The procession having turned into the level Port-street, at the bottom of the steep descent, proceeded towards the south, and at the Burgh-gate-barrier there was an elegant erection composed of evergreens, spanning the whole width of the way with three arches. On the top of that in the centre was “Victoria,” surmounted by a richly gilded Scottish star and crown. On the cornice were figures of the Queen and Prince Albert. On different parts of this handsome structure were placed beautiful boys in the Highland garb, with claymores in their hands, and others in blue jackets and straw hats, with satin hatbands of Victoria tartan. On passing through this arch at one o’clock, the magistrates, town-council, guildry, and others, took leave of the Queen, and Her Majesty, accompanied by the Vice-Lieutenants, Sheriff Handyside, Mr. Forbes, member for the county, and the numerous gentlemen and yeomen who were ready waiting on the county side of the arch to escort her, dashed off at a rapid pace, amidst deafening cheers from the assembled multitude, and the thunder of the castle guns. In the afternoon, 400 of the poor people were supplied with pies and bread and cheese, and a pint of strong ale each; and Mr. Ramsay of Barnton gave an ox, which was roasted whole in the valley, and distributed in portions to all who came for it.
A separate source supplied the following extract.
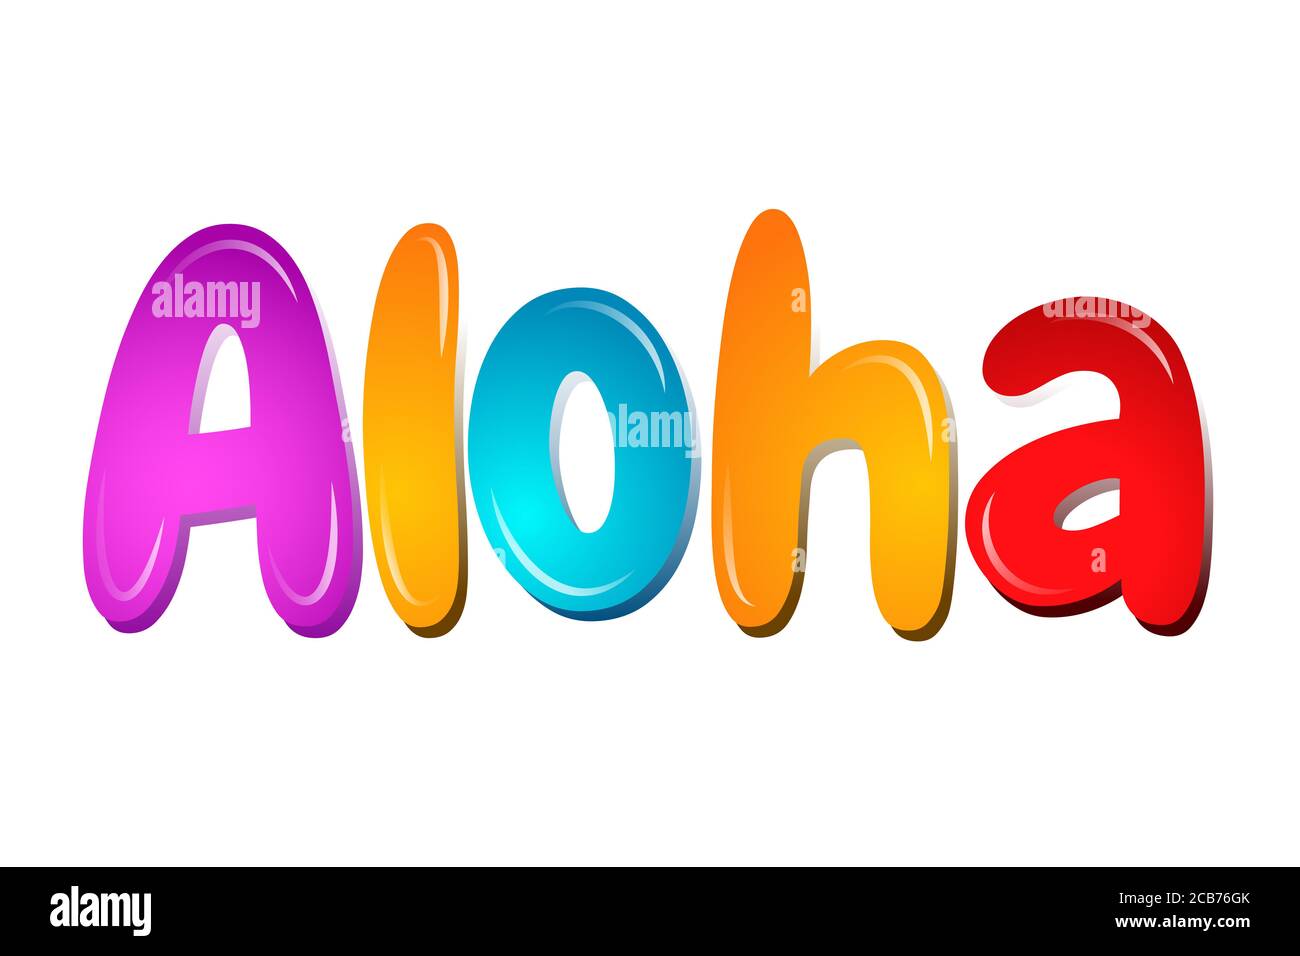 Aloha in cartoon colorful letters banner for kids Stock Photo

Having cleared the town, and passed under the grand trees of the avenue of approach to Stirling, and so by the villas extending towards the country, the road still lined with crowds of shouting people, the Queen came to the village of St. Ninians, about two miles from Stirling. It is remarkable for its pretty little tower, to which a church did belong, till it was blown up by accident in 1746, by the Highland army,—for the extreme narrowness, and up and down, and winding of its main street,—and for its vicinity to that grand field of ancient Scottish glory,, Bannockburn. The scene of that momentous battle lies about half a mile to the south of St. Ninians, and the ground is still such as to render the historical description of it quite intelligible. The spot below the town, where the skirmish occurred between Randolph and Clifford, on the evening previous to the battle, is also well known. Beaton’s Mill, where the wounded James III. was put to death, after his defeat, 18th June 1488, still exists in this parish.

As the great Falkirk sheep and cattle Tryst was holding at this time, it required considerable management to get the way kept clear, the continued stream of these animals being generally so immense, that travellers prefer going several miles round to avoid them; but the proclamations issued by the authorities were rigidly and cheerfully adhered to, and not a sheep or an ox was to be seen on the road. Had this been otherwise, the blocking up of the strait passage through St. Ninians, might have detained the Queen for hours; but from the excellence of the arrangements, its steep, hollow, and narrow street was altogether unencumbered, save by a string of respectable people on each side of the way, who served to carry on the cheers that everywhere accompanied the progress of Her Majesty. One little occurrence here may be worth notice : A person in one of the windows dropped a folded piece of paper into the Royal carriage, which fell on the Queen’s knee unperceived by Her Majesty. The Prince, without saying a word, picked it up, and threw it over the side of the carriage, very properly providing in this way against the chance of its containing any thing offensive. It afterwards turned out to be a piece of poetry in honour of Her Majesty’s visit. The whole houses were white-washed, and festooned with evergreens—the windows were full of curious and happy faces— and ornamented arches were placed at both ends of the town; indeed these material demonstrations of loyalty were so numerous all along the route, as not to he easily counted.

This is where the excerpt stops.